In defence of traditional marriage

This week, I have been too busy to write further about the encounter between Jesus and the Samarian woman at the well (John 4:1-42), but the topic hasn't left me yet, and I hope to return next week.

One line of thought that I might consider further is how Jesus reacts to the woman, who appears to be in a highly undesirable domestic union; she has had five husbands and the man she was presently with was not her husband (John 4:18). Interestingly, Jesus knows all about her circumstances, but does not give her a lecture on morality. Does this tell us something about Jesus' views on marriage?

I have no doubt that Jesus (like his Jewish contemporaries) had what we would regard as a highly conservative view on marriage and sexual morality. So, why does he not rebuke the woman for her immorality? The answer, I believe, is that he is saying to the woman that her sins are not what define her, and neither do her "marriages". He offers her a fresh start, and I believe she takes it (I'll explain how and why in a subsequent post).
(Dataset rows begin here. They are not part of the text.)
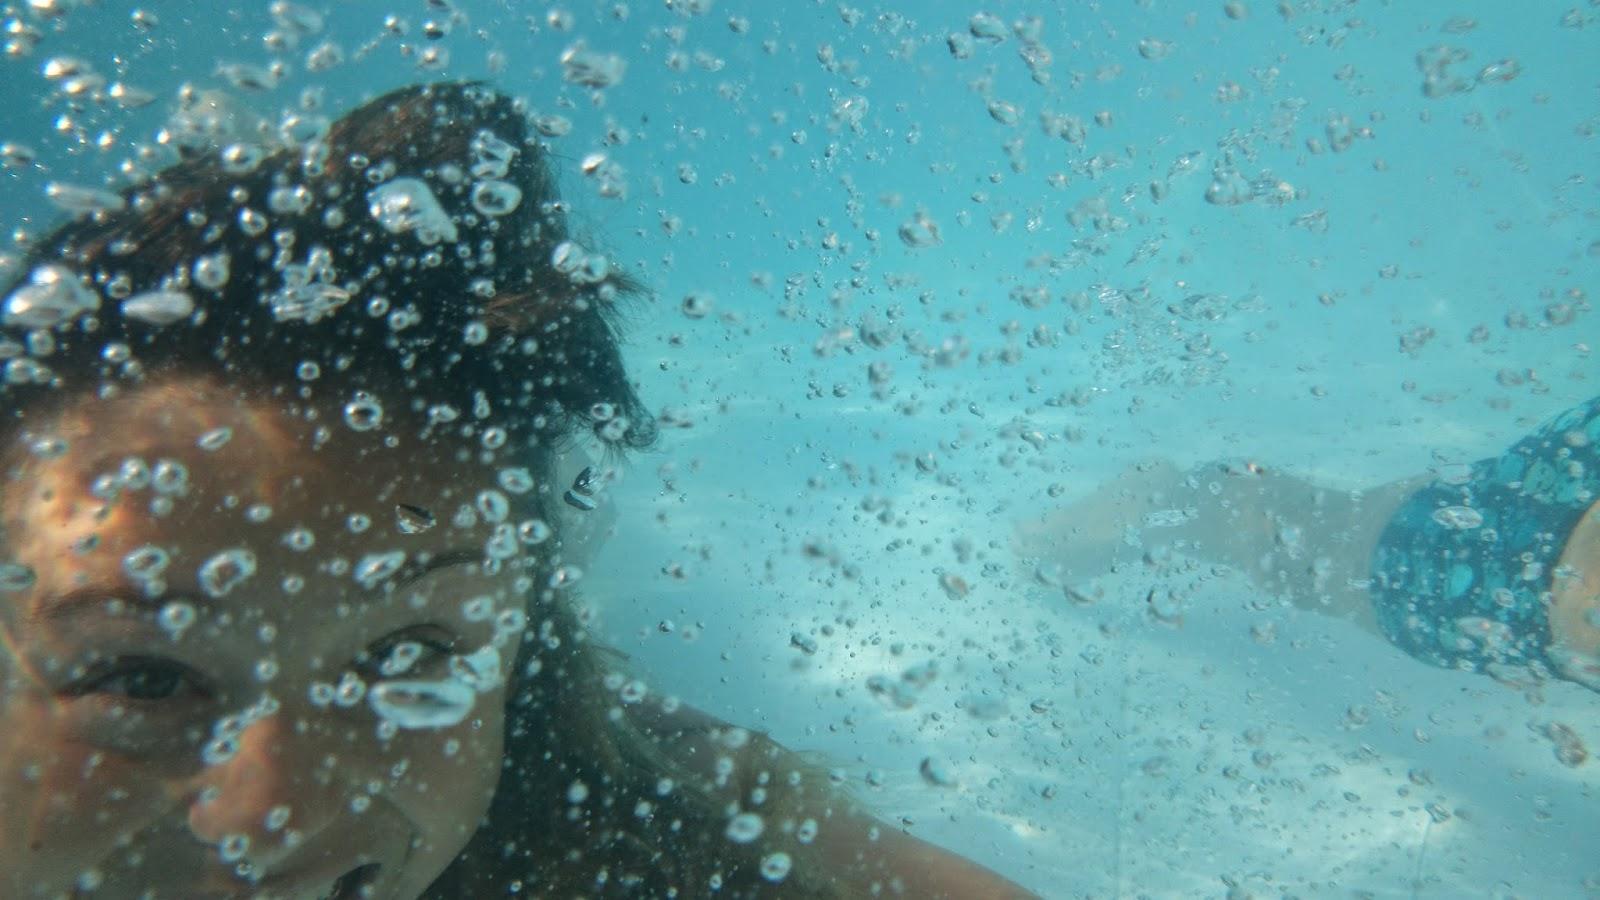 zdjęcie bąbli powietrza pod wodą,zdjęcia w wodzie,sony xperia z2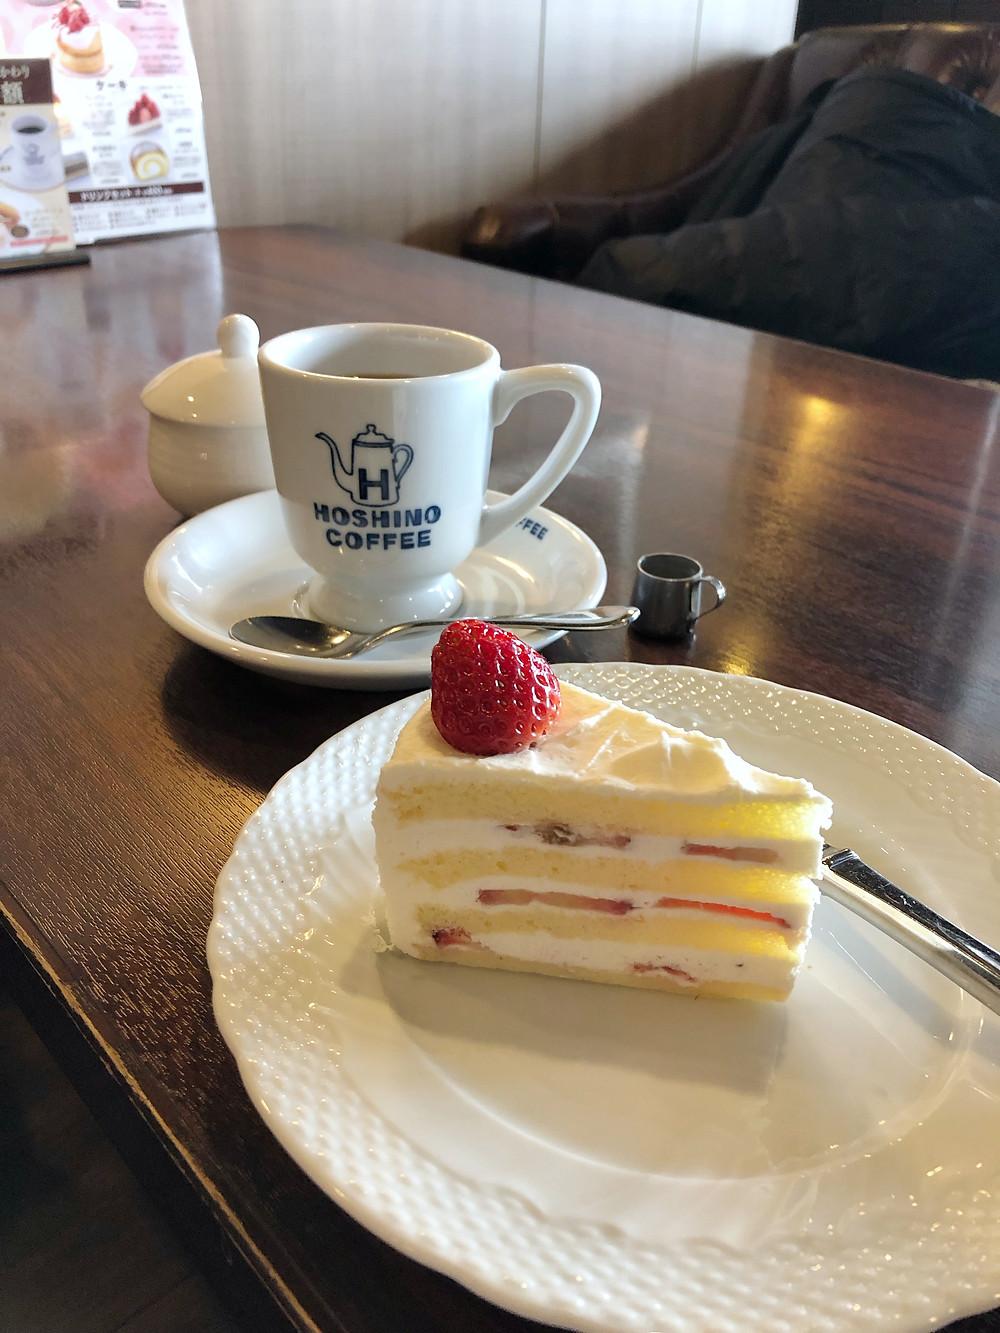 Hoshino Coffee shibuya tokyo Cookingwiththehamster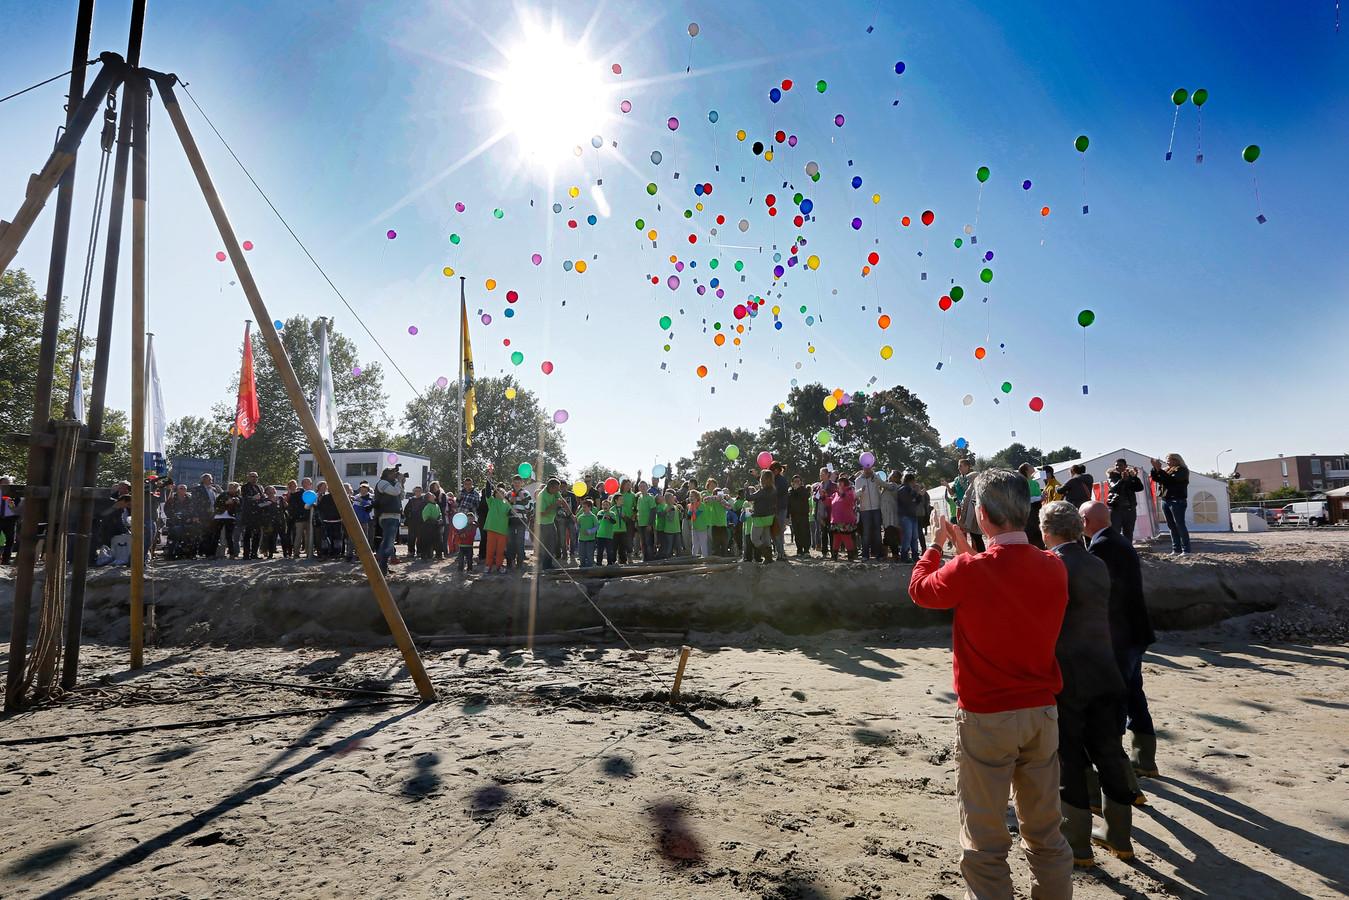 Kinderen laten ballonnen op bij de ingebruikname van de nieuwe Brede Zorgschool op Rauwenhof in Tiel in 2013. In de gemeente geldt voor zo ver bekend nog geen verbod op het oplaten van ballonnen.

Does this weaken the argument to preserve the traditional view that marriage is an exclusive, intimate union between a man and woman? To put it bluntly, does Jesus even care about marriage? Yes, I believe he does, but he puts it where it belongs, in the created order, which would make little sense if it were to be divorced from its creator. Marriage is important, but like all creatures, it is only important and meaningful because of it's relationship with the creator (see Matt 6:33). That's why the focus in John 4:1-42 is not on marriage, but the relationship between the woman and Jesus.

Of course, it's impossible to address the subject of marriage without also addressing the current controversy on changing legal definitions of marriage to include same-sex partnerships. Despite the enthusiasm of the media (particularly British and Australian TV - I can't comment on American TV) in promoting same sex marriage, there are good reasons to defend the institution of marriage as an exclusive, intimate and publicly affirmed union between one man and one woman. I worry that those who wish to retain this traditional view may be increasingly marginalized and silenced by (unfounded) claims of bigotry and prejudice. I don't wish to argue the case here and now, but I do recommend a reasoned paper for those who might be interested further here, http://www.nswchurches.org/Resources/Papers/Revising_Marriage_pastors.pdf

Friday, June 17, 2011

John 4:1-42 Jesus and the Samaritan Woman Part 3

As in previous weeks (4th June and 11th June), I’m continuing in my preparations for preaching on John 4:1-42 in August by blogging my thoughts and finding what, if any, generate the most interest.

The issue that’s been on my mind this week is the apparent paradox of the unnamed Samaritan woman in the story. The paradox is this; she’s an outcast in her home town, but it’s her testimony that persuades her neighbors to faith in Christ, which can hardly be expected of someone with no credibility in her own community.

I believe that the paradox can be resolved by considering the situation from the perspective of the author (John). That might sound like a trite thing for me to say, but too often we rush into trying to understand scripture from our own perspective, rather than respecting the perspective of the people who first wrote it down.

An outcast in her home town


John’s Gospel is full of apparently incidental details, which support the veracity of his account. In verse 4:6, John notes that it was about noon that Jesus sat down at the well, at which time the Samaritan woman came to draw water (4:7).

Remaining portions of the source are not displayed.